Hans Kung: On Being A Christian
As has been mentioned here before, the start of my real conversion started when, sometime in the mid-1990s, I read John Dominic Crossan's Historical Jesus. But even then there were things Crossan said that I questioned, one of those was his certainty that the story of the burial of Jesus in a tomb was false and that his body was almost certainly left for dogs or birds to devour or merely thrown in a ditch. I remember reading that wondering why he felt so sure when the only documentation of what happened was exactly what Kung says is "beyond doubt" is in line with the above passage. And, considering how much stock he and his fellow Jesus Seminar members put on multiple attestation, all four of the canonical Gospels but also the earliest New Testament writings that preceded those in the form we have them attest to the burial, most of them mentioning the tomb of Joseph. It would seem to be a lapse in method for him to hold that more poplar modern position on this. As much as I esteem his scholarship and his writing, I have to say that my skepticism about Crossan has grown over the last quarter of a century. I do doubt his motives which are too much in line with modern ideology for me to be comfortable with. As Walter Brueggemann has said, like so many other scholars, Crossan wants to reconstruct Jesus to fit his preferences.
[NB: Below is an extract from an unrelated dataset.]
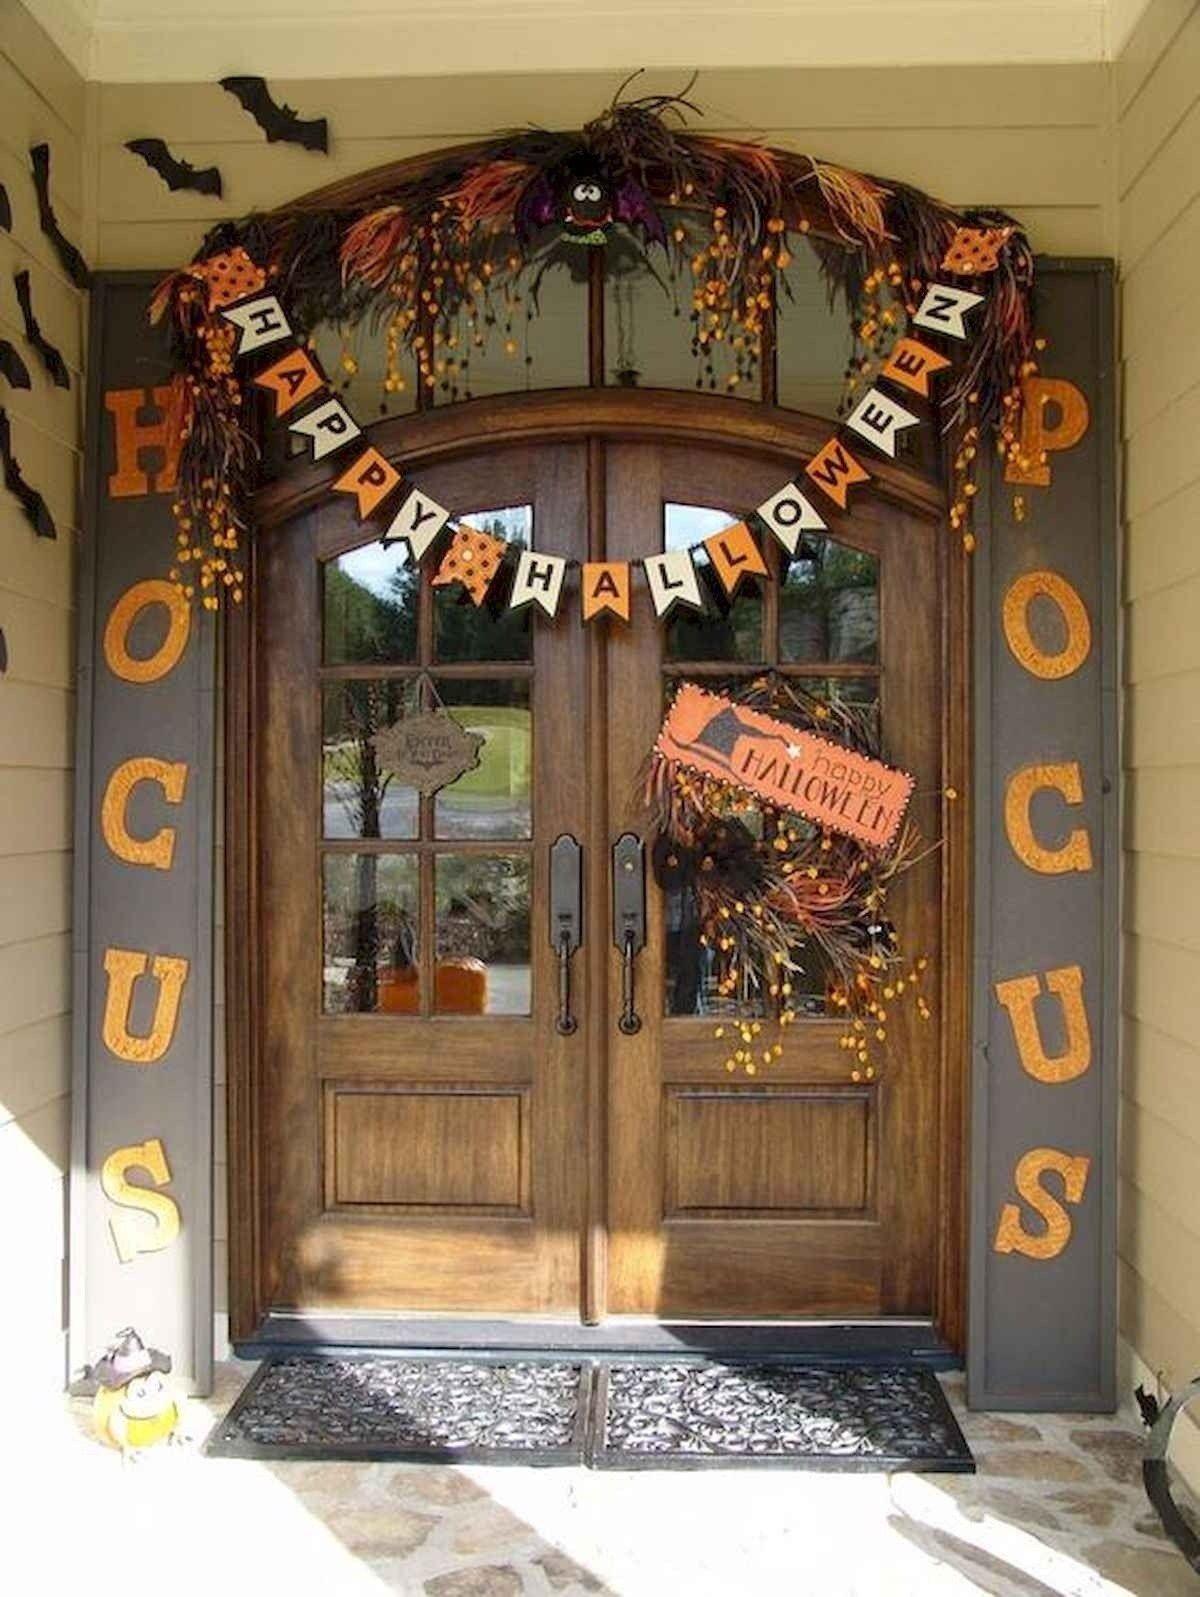 22 Chilling and Creative Halloween Porch Decorations #halloweendoordecorations

The point that Kung makes, that there was no cult of the grave of Jesus in the earliest years of Christianity - even in the earliest community in Jerusalem, the pre-Christian Jesus movement is certainly interesting. The earliest proposed location of the tomb doesn't seem to trace before Constantine sent his mother Helena to find the tomb.
You get the feeling that when a local community got visited by the Emperor's mother with the request to find the Tomb of Jesus that one was going to be found. And so one was, as was a hill with three crosses on it, or so the story goes. I find the absence of a tradition going back to the Jerusalem community which included witnesses to the death, burial and Resurrection more convincing than the supposed location of the tomb. The later proposed tombs, the "garden tomb" discovered in the 19th century and a more recent one found by a cabloid TV huckster and self-created expert aren't even as interesting as the first one.
I think no such site of cultic devotion arose in the earliest community because they didn't think his body was there. I think they figured it wasn't important, as Luke reported the "the two men " said to the women who went to the tomb to anoint the body, "Why do you look for the living among the dead? He is not here, but has risen."